We can try writing a terminal application using AppleScript that will launch the Flash Player, activate it, and then open the requisite SWF file, which will presumably avoid breakage on runtime exceptions.

This worked great, except using the osascript application to call the AppleScript, apparently breaks the SIGINT relationship from parent to child. So when the parent is aborted, the child is orphaned.

AppleScript Application

Will the AppleScript behave differently as a full OS X .app?

This is awesome because the .app file actually throws a modal “Are you sure?” prompt – behind all other applications. It also doesn’t seem to accept command line parameters properly.

Exec Flash Player.app/Contents/MacOS/Flash Player binary with the SWF file as an argument, and use AppleScript to focus the damn thing

At first blush, this appears to work great, then we encounter the uncaught (actually uncatchable) runtime exception…

If the SWF file we send the player has an uncaught runtime exception, the dialog appears behind all other applications, our AppleScript process becomes locked, and no longer responds to SIGINT (CTRL+C). The whole mess must instead be sent the SIGSTOP (CTRL+Z) and later killed with SIGKILL (kill -9 [pid]).

Use rb-appscript to Launch Flash Player.app, Focus the app, and Open the SWF

This approach seems to work better than the exec and focus strategy because we are able to focus (activate) the player before sending it a failing SWF file. This at least gives us the error dialog in front of other applications. We get the added benefit in that if we manually dismiss the dialog, our process works normally.

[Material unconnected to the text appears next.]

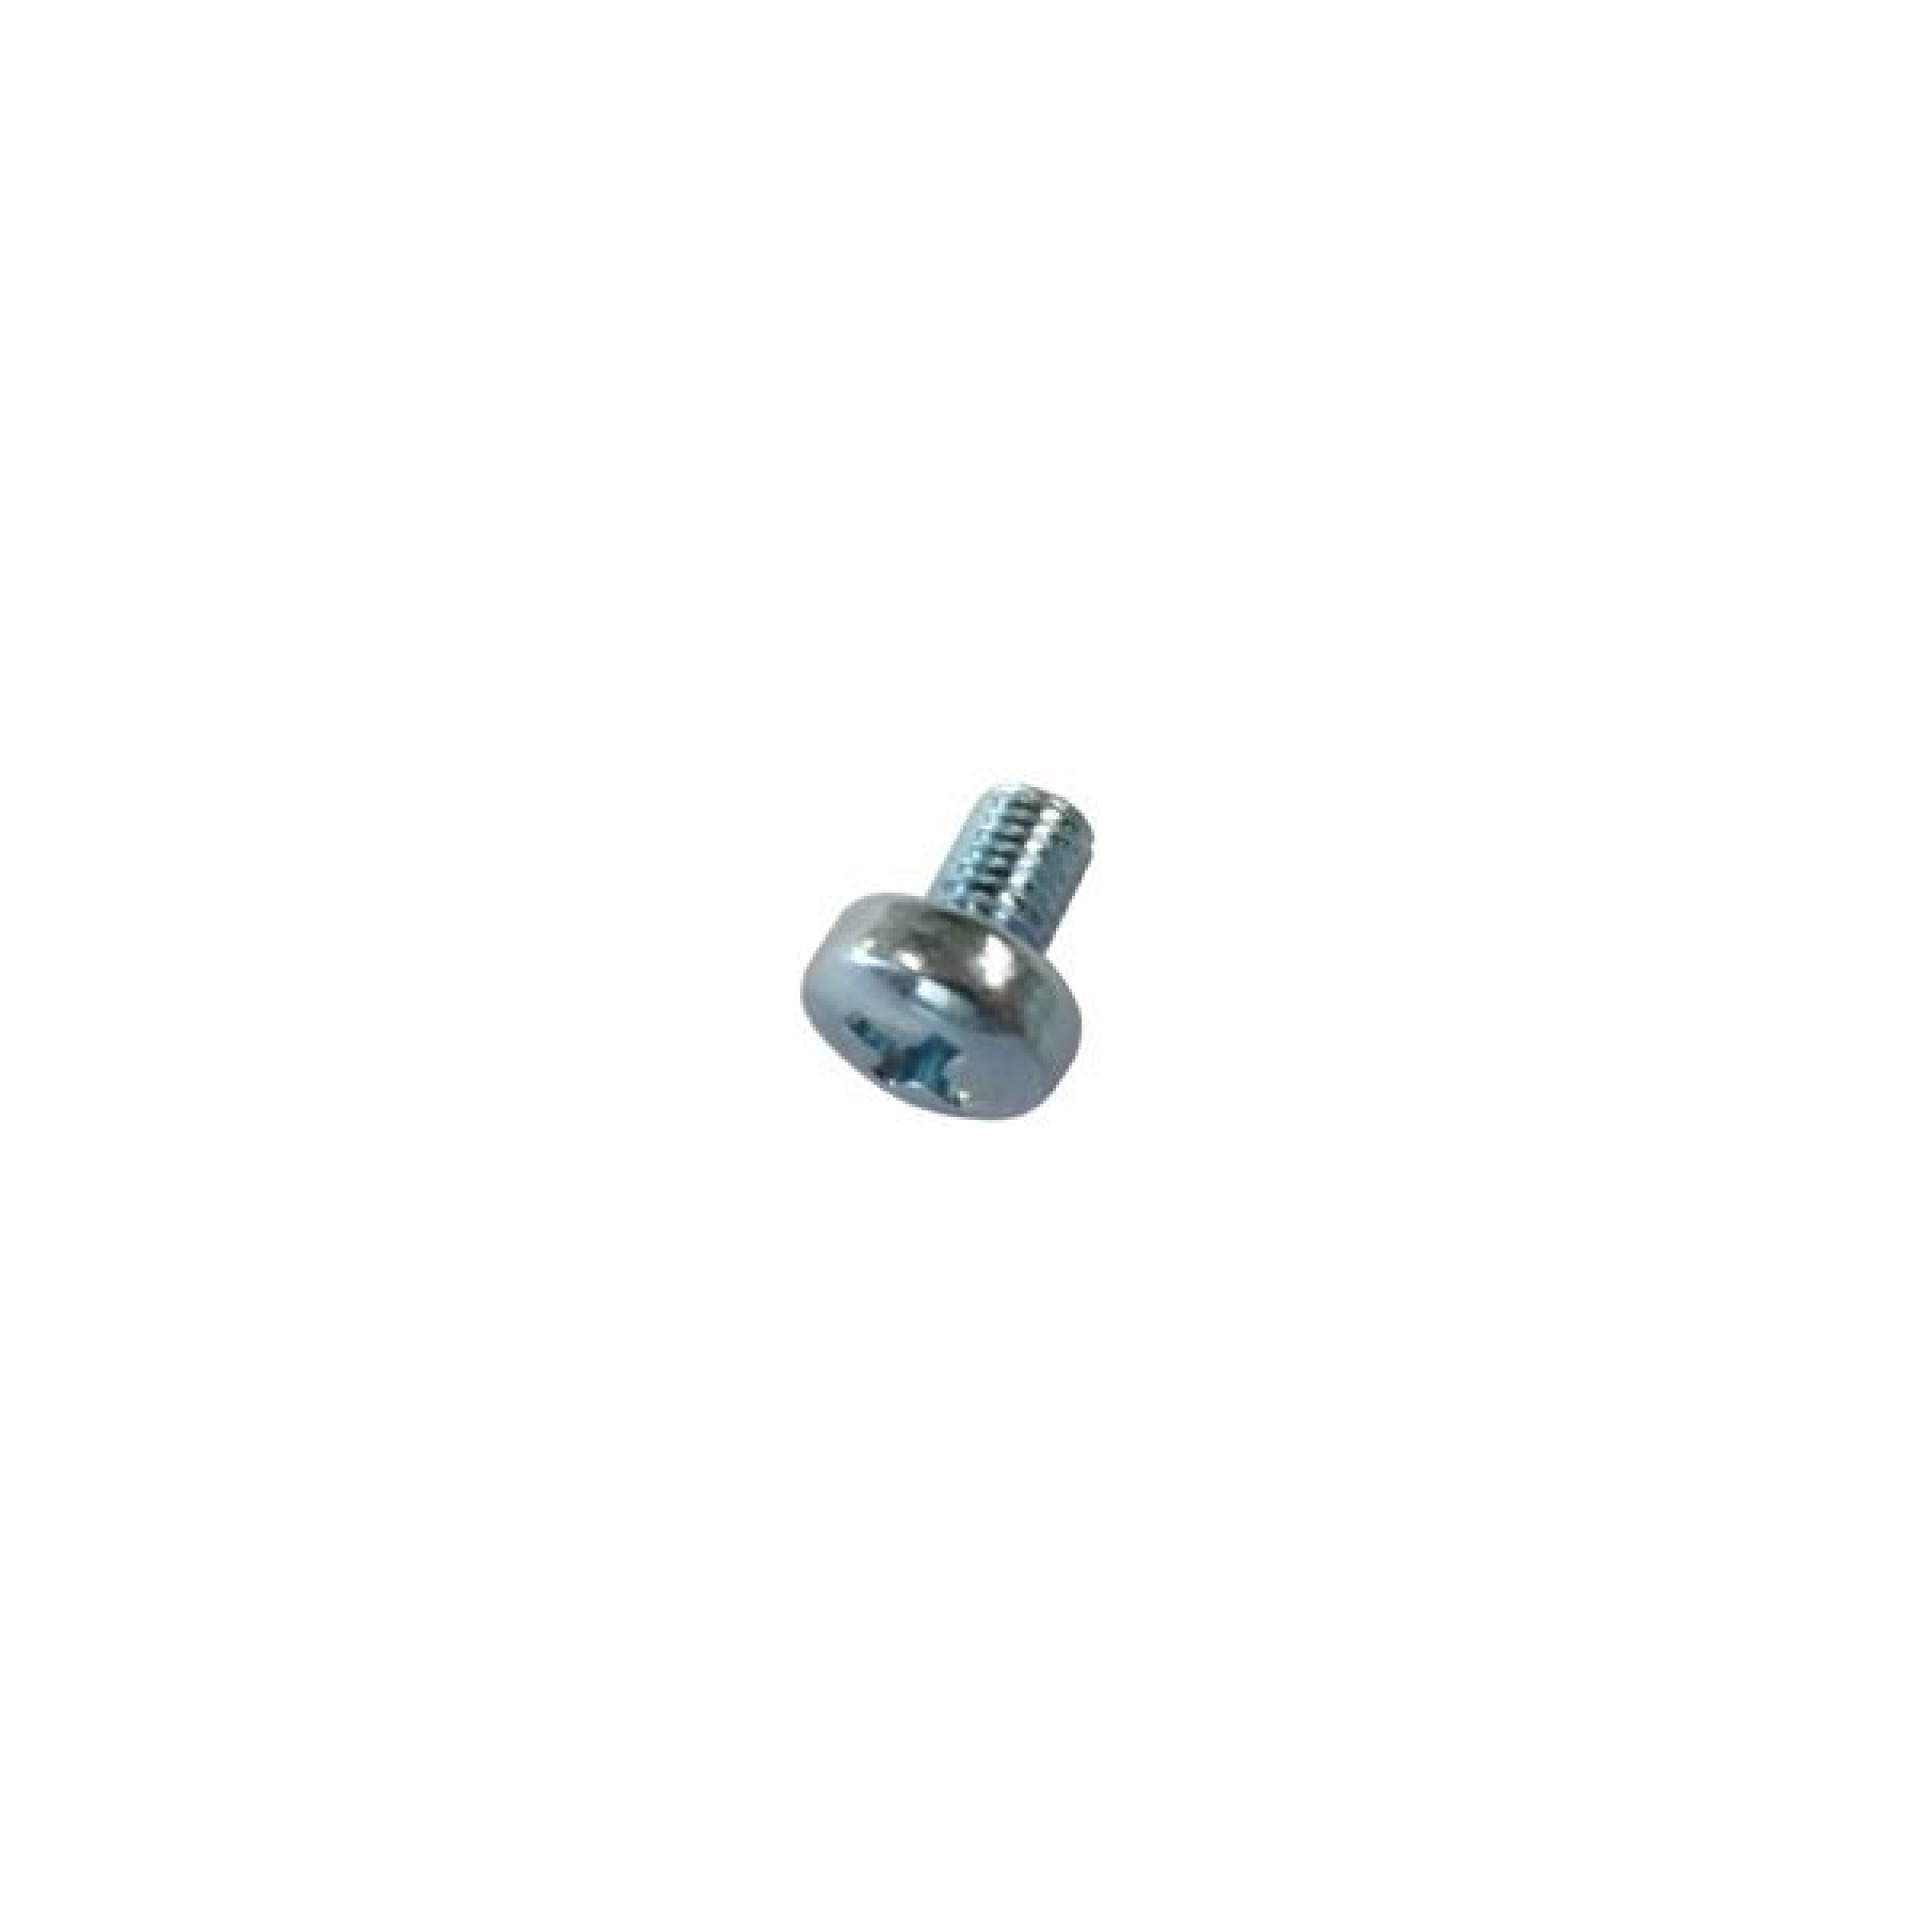 Screw M5 x 8mm for 83030.1

Unfortunately, if we interrupt the parent process (CTRL+C) before dismissing the dialog, our parent process becomes locked and must be killed brutally with SIGKILL.

Solution

The only solution that I’ve been able to get consistently working, is to fork on the AppleScript features and use exec kill -9 [process] when we interrupt the application.

An example of this process can be seen in the lib and test packages of this project.

Example

You can install the latest version of this project as a gem with:


gem sources -a http://gems.github.com (you only have to do this once)
gem install lukebayes/clix_flash_player

You can use the library in your Ruby code like this:


require 'rubygems'
require 'clix_flash_player'

player = CLIXFlashPlayer.new
player.execute('bin/Flash Player.app', 'bin/MyProject.swf')

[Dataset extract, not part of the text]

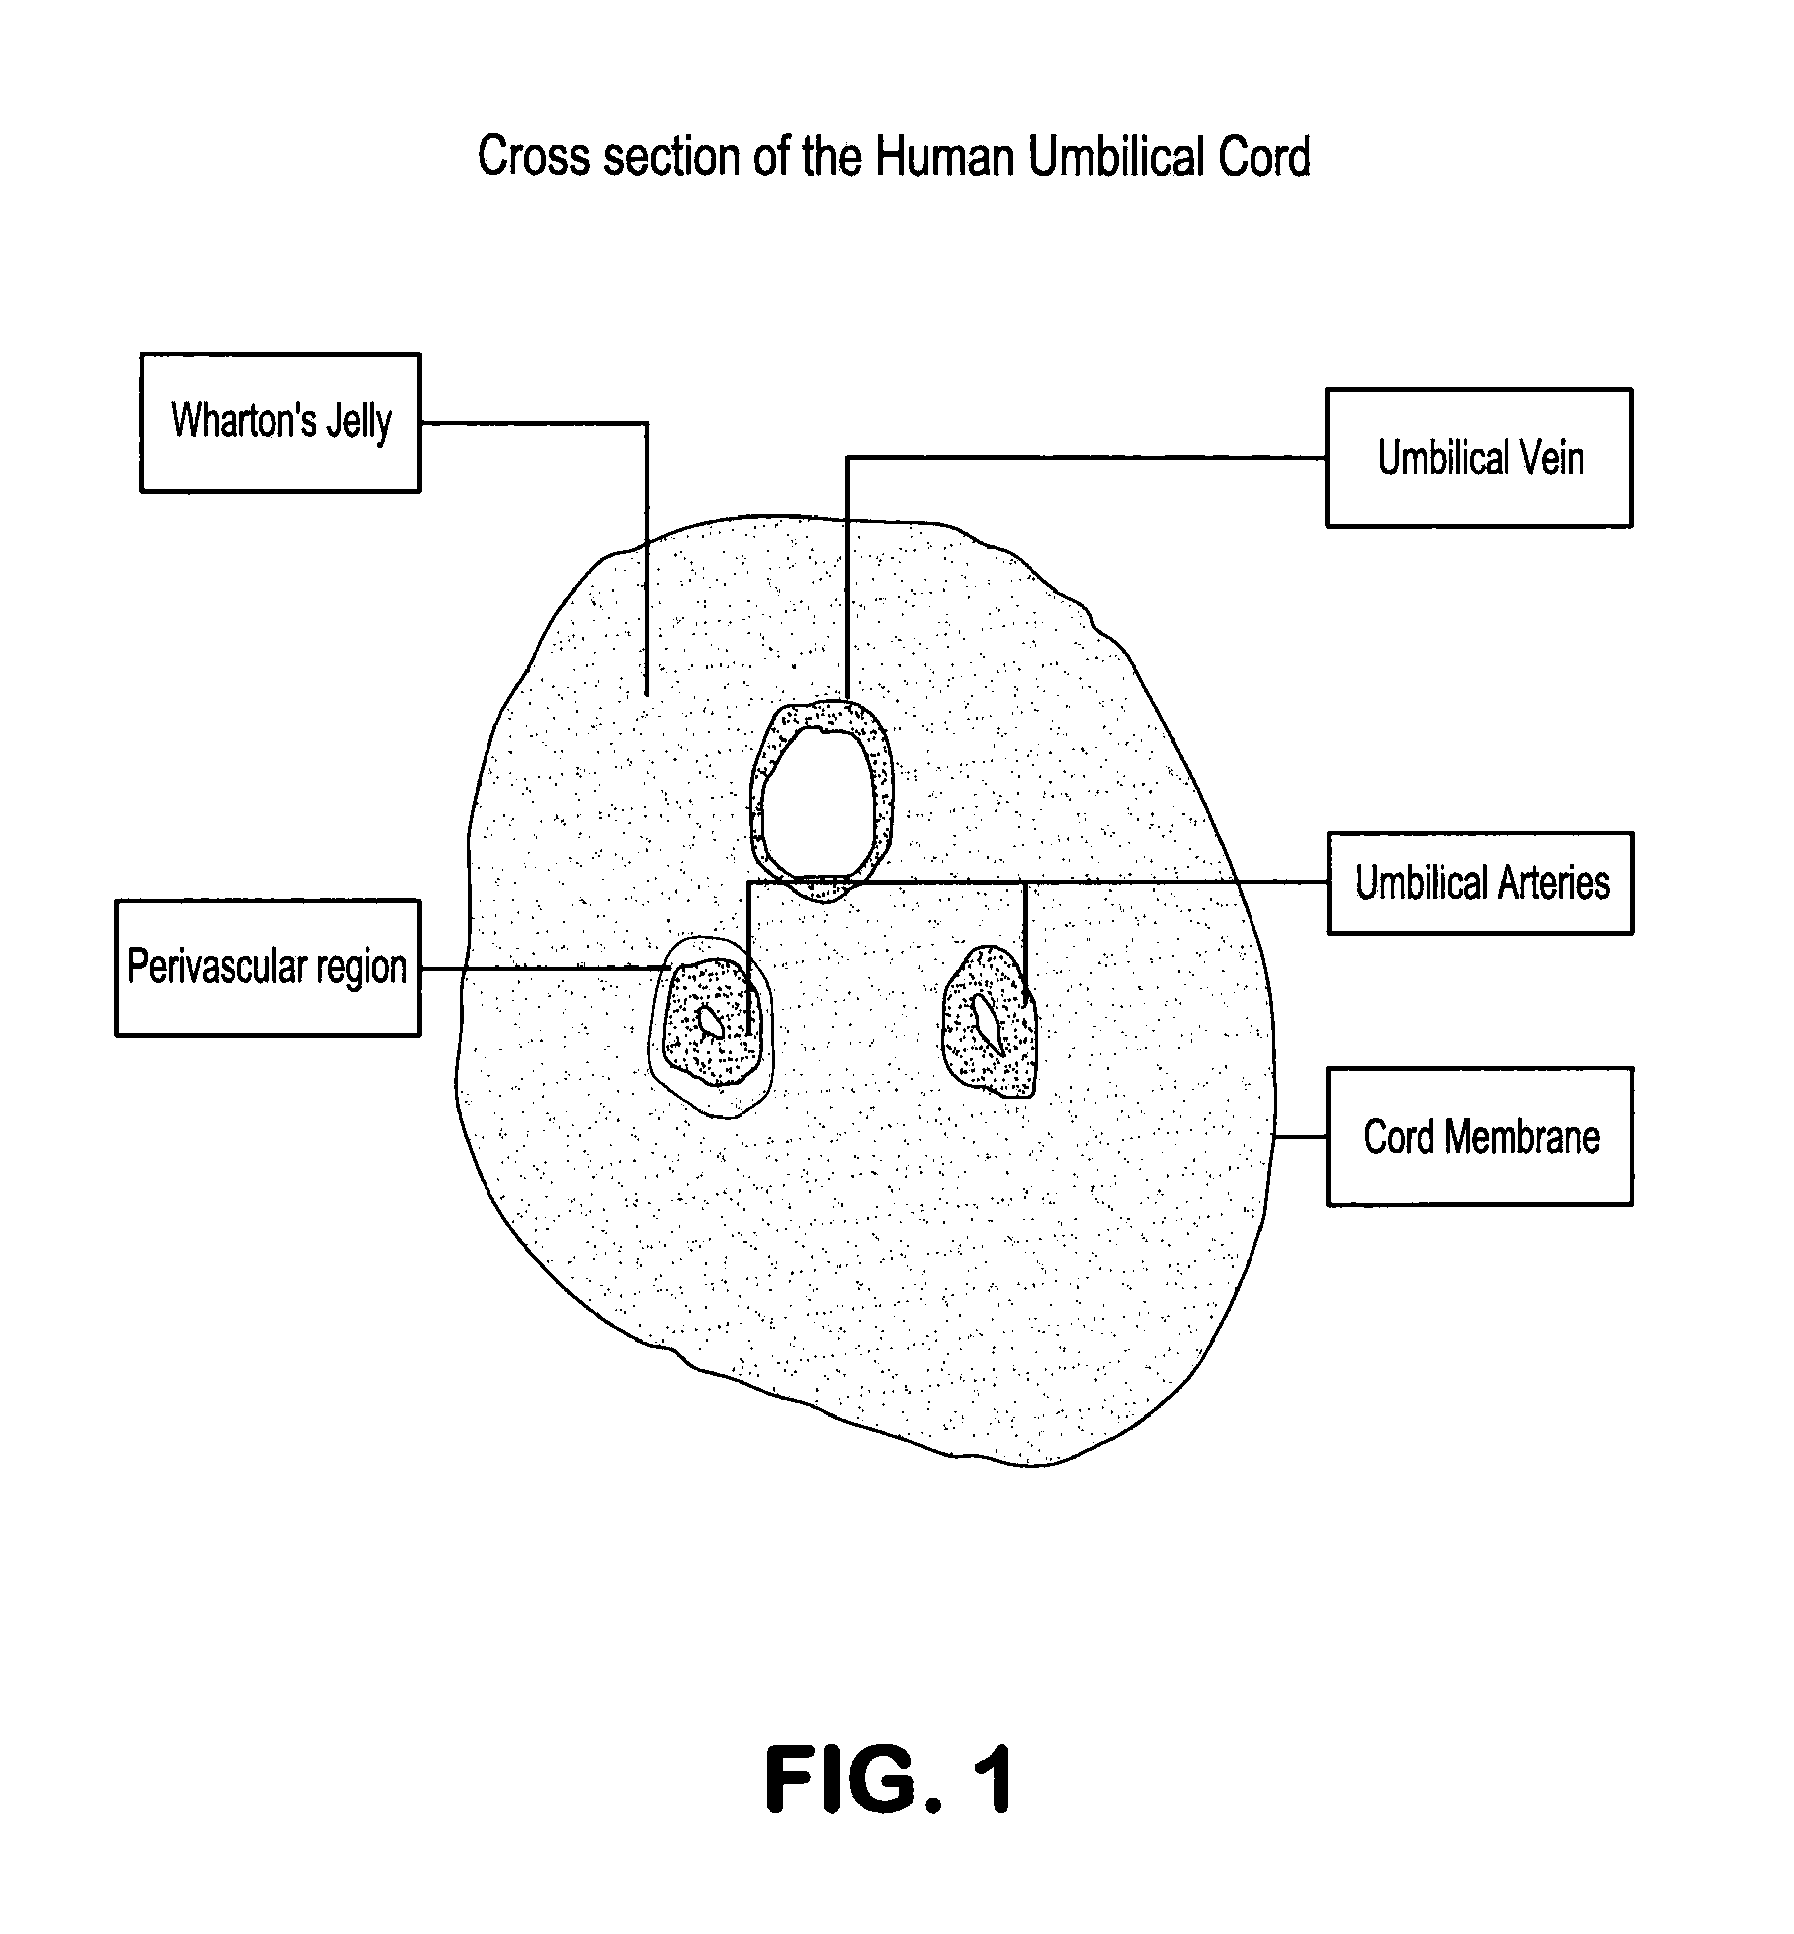 Methods for isolating mononuclear cells that include a subpopulation of mesenchymal progenitor cells and vascular cells that include a subpopulation of endothelial progenitor cells from umbilical cord tissue

# Do something else here...

player.join

MIT License

Copyright (c) 2009 Pattern Park

Permission is hereby granted, free of charge, to any person obtaining
a copy of this software and associated documentation files (the
"Software"), to deal in the Software without restriction, including
without limitation the rights to use, copy, modify, merge, publish,
distribute, sublicense, and/or sell copies of the Software, and to
permit persons to whom the Software is furnished to do so, subject to
the following conditions:

The above copyright notice and this permission notice shall be
included in all copies or substantial portions of the Software.

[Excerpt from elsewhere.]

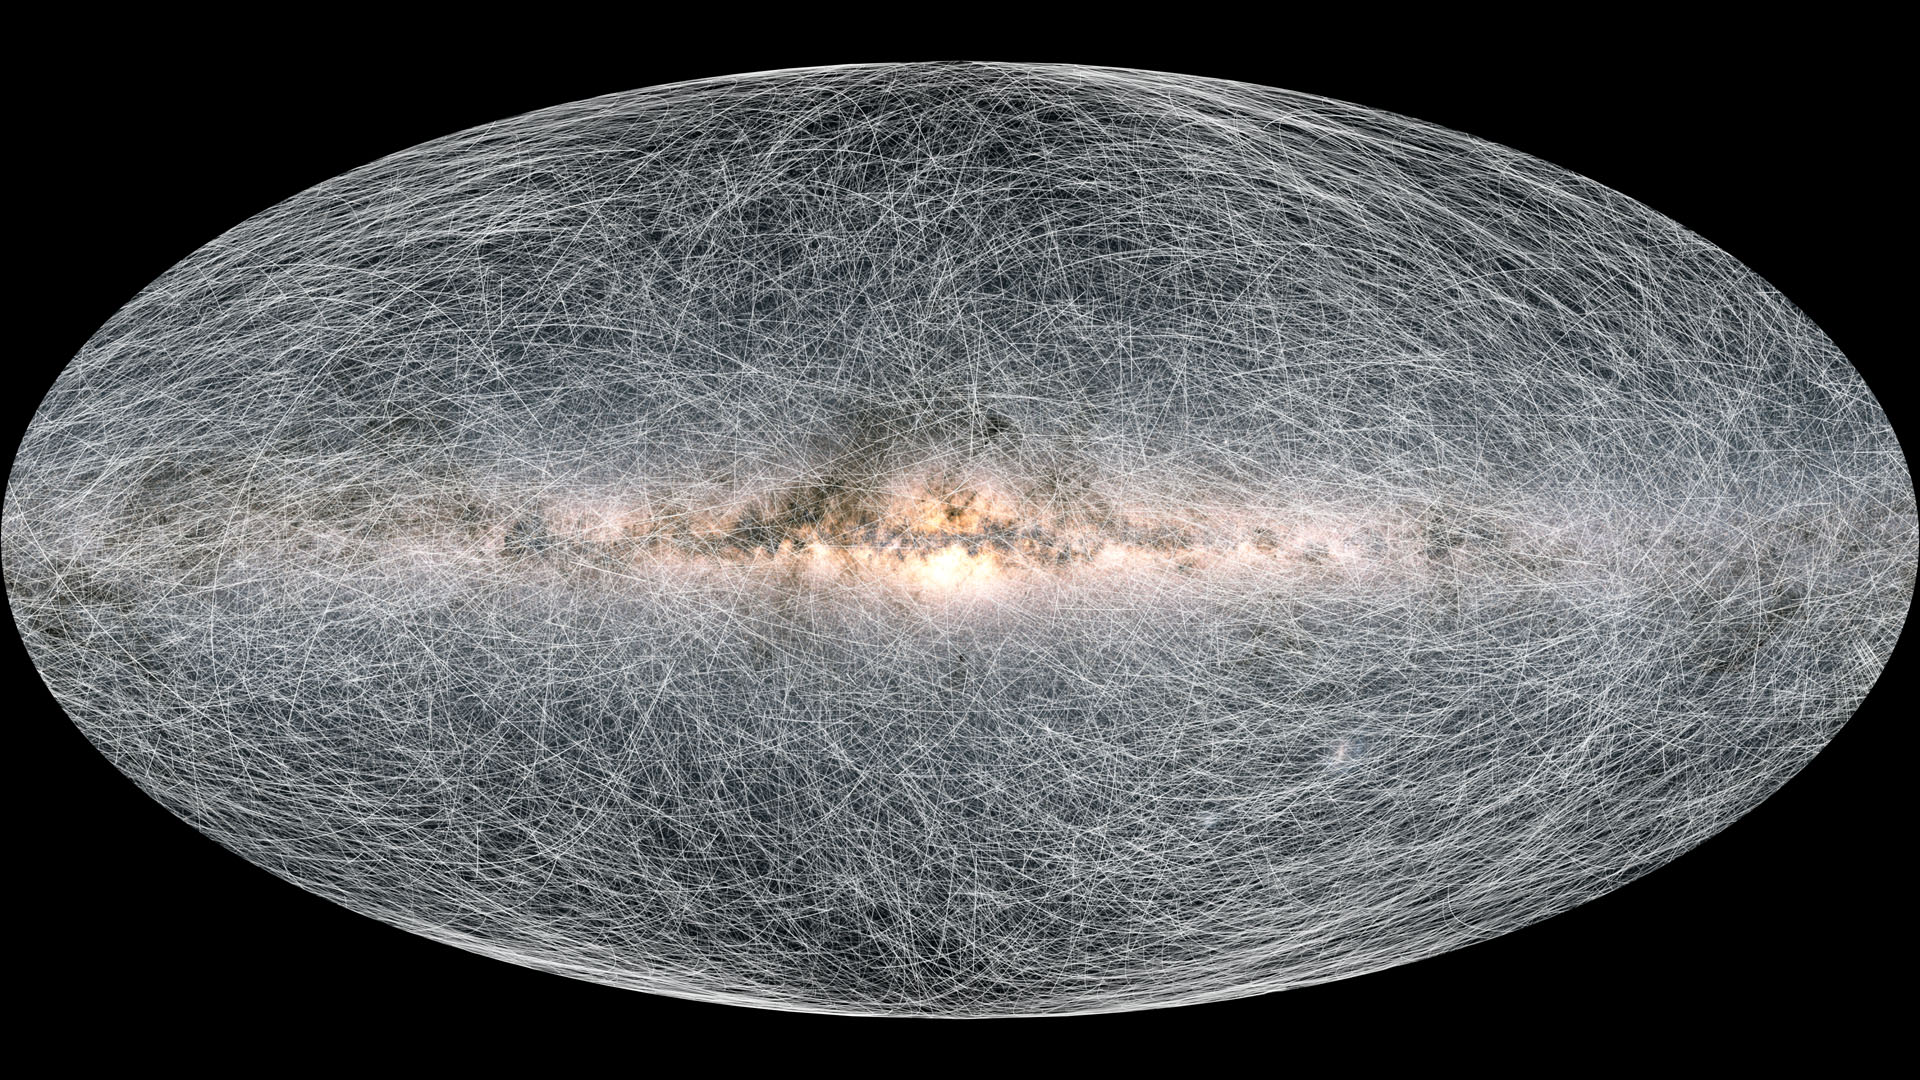 Scientists can predict the future motions of stars in the Milky Way from Gaia data.

THE SOFTWARE IS PROVIDED "AS IS", WITHOUT WARRANTY OF ANY KIND,
EXPRESS OR IMPLIED, INCLUDING BUT NOT LIMITED TO THE WARRANTIES OF
MERCHANTABILITY, FITNESS FOR A PARTICULAR PURPOSE AND
NONINFRINGEMENT. IN NO EVENT SHALL THE AUTHORS OR COPYRIGHT HOLDERS BE
LIABLE FOR ANY CLAIM, DAMAGES OR OTHER LIABILITY, WHETHER IN AN ACTION
OF CONTRACT, TORT OR OTHERWISE, ARISING FROM, OUT OF OR IN CONNECTION
WITH THE SOFTWARE OR THE USE OR OTHER DEALINGS IN THE SOFTWARE.